Bisnis

Pupuk Indonesi siap penuhi keinginan pupuk pada Sulawesi Selatan

Kami berharap stok serta alokasi pupuk bersubsidi ini dapat dioptimalkan petani

Jakarta – PT Pupuk Tanah Air (Persero) menggalang penuh kegiatan pemerintah di menggenjot peningkatan produktivitas padi di Sulawesi Selatan (Sulsel) melalui kesiapan stok juga kemudahan bagi petani di penebusan pupuk bersubsidi.

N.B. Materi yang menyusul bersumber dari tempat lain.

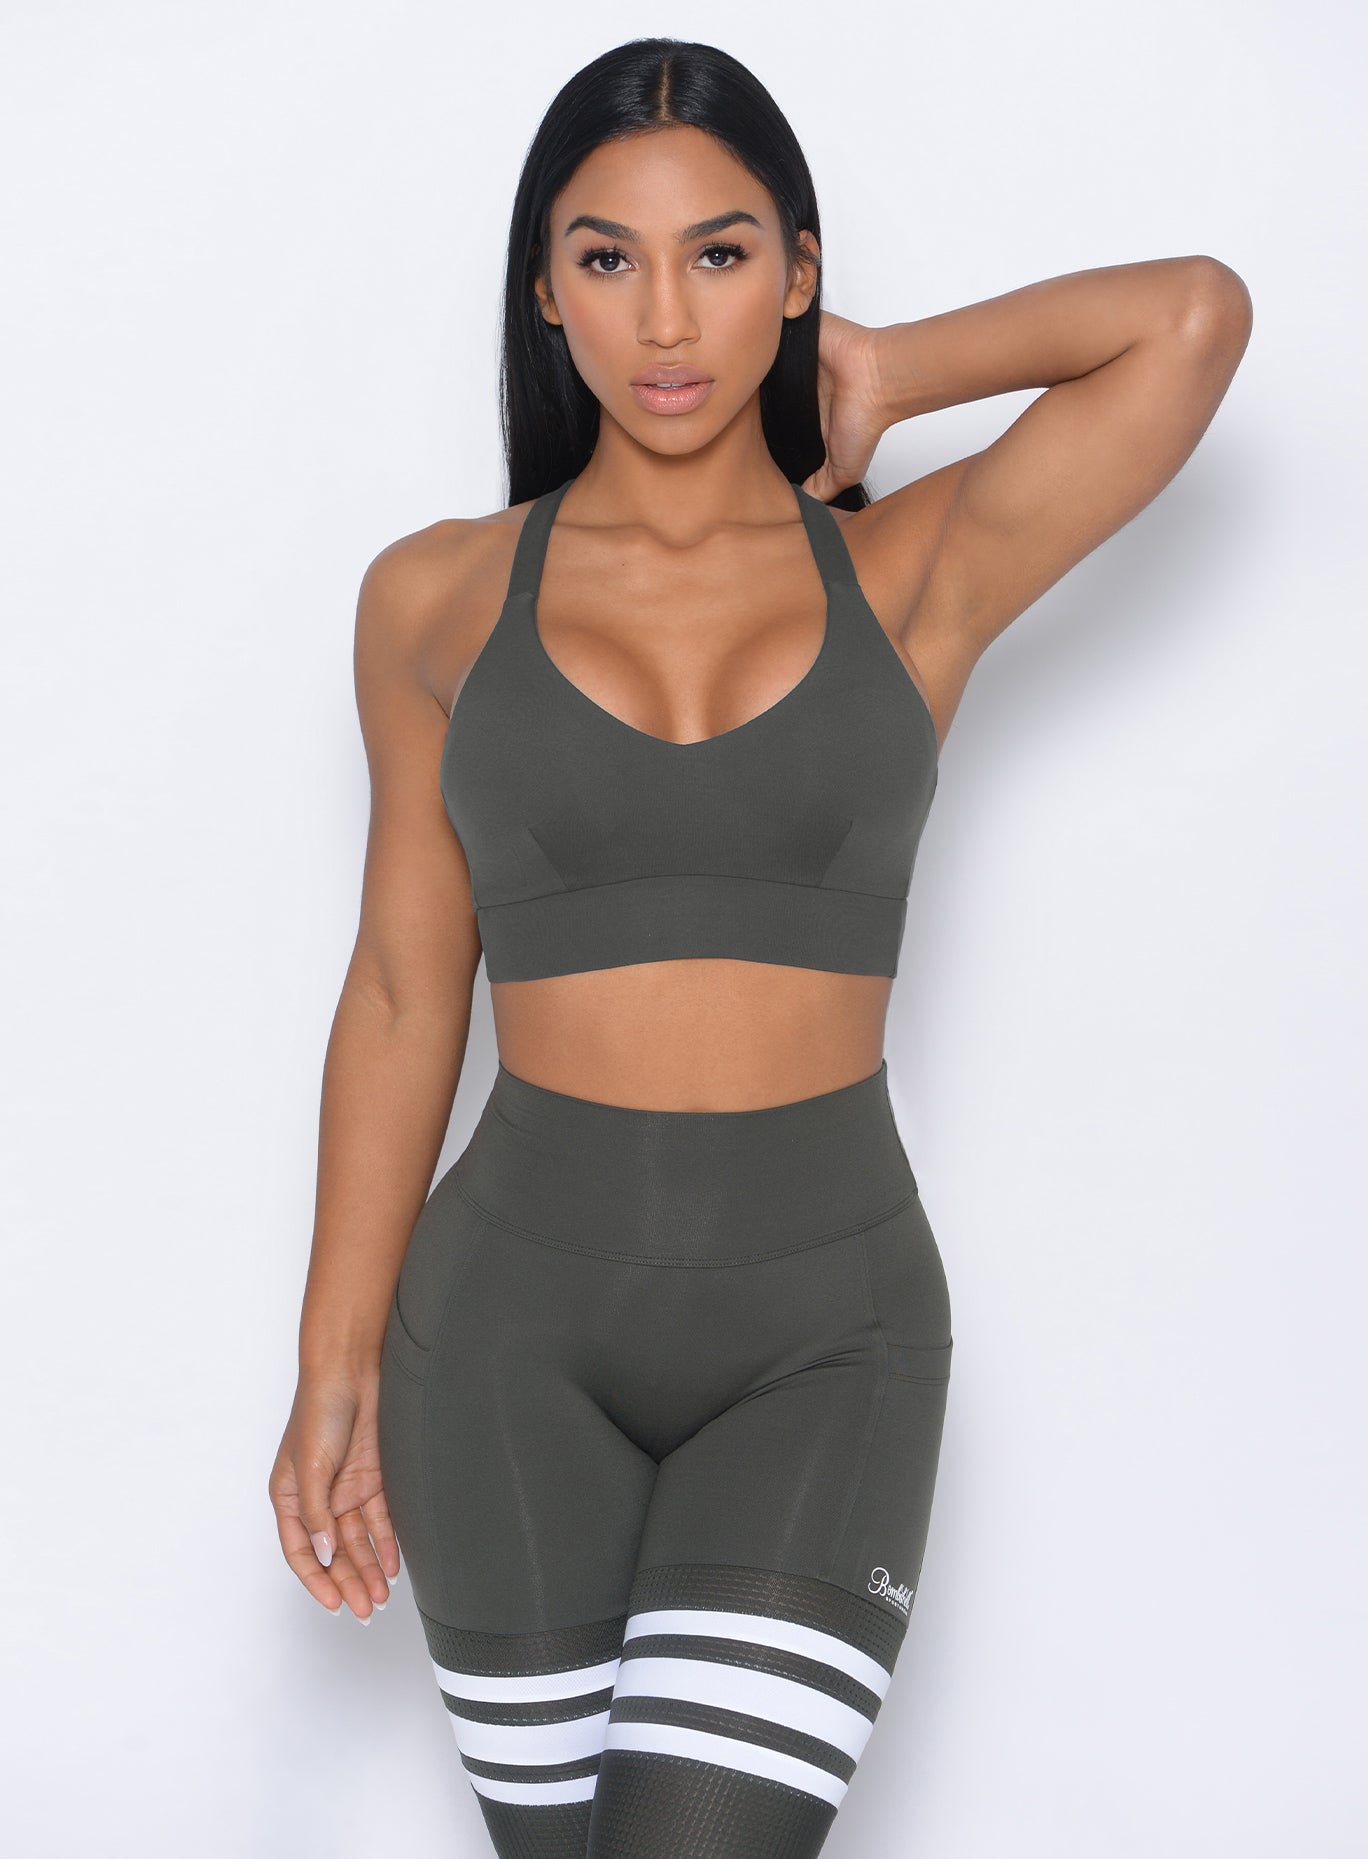 Model facing forward wearing our synergy sports bra in hunter green color and a matching leggings

Direktur Utama Pupuk Indonesia Rahmad Pribadi memaparkan pihaknya akan terus-menerus menegaskan kesiapan lalu kemudahan penebusan pupuk bersubsidi guna mengoptimalkan kegiatan produktivitas padi pada Sulawesi Selatan.

"Pemerintah sudah menambah alokasi pupuk bersubsidi di dalam tahun 2024 dari 4,7 jt ton berubah menjadi 9,55 jt ton. Untuk menggalang peningkatan produktivitas pertanian di mempertahankan ketahanan pangan nasional, Pupuk Negara Indonesia memverifikasi stok pupuk bersubsidi di dalam bervariasi wilayah aman sesuai regulasi. Selain itu, kemudahan petani di menebus pupuk bersubsidi," ucapannya melalui informasi pada Jakarta, Sabtu.

Saat ini, petani yang mana telah terjadi terdaftar sebagai penerima pupuk bersubsidi cukup datang ke kios dengan menyebabkan KTP, sudah ada bisa saja melakukan penebusan. Kemudahan ini pasca Pupuk Negara Indonesia menerapkan program i-Pubers di dalam 27.000 kios yang telah terjadi tersebar di Indonesia.

Rahmad menyampaikan Pupuk Tanah Air terus memperketat pengawasan penyaluran pupuk bersubsidi sehingga tepat sasaran.

Petani yang berhak mendapatkan pupuk bersubsidi harus memenuhi kriteria yang mana tertuang di Peraturan Menteri Pertanian (Permentan) Nomor 1 Tahun 2024, yaitu wajib tergabung di kelompok tani, terdaftar di Sistem Berita Manajemen Penyuluh Pertanian (SIMLUHTAN), menggarap lahan maksimal dua hektare.

Selain itu, komoditas strategis yang dimaksud berhak menerima subsidi pupuk dibatasi sembilan komoditas sekadar yakni padi, jagung, kedelai, cabai, bawang merah, bawang putih, kopi, tebu, kemudian kakao.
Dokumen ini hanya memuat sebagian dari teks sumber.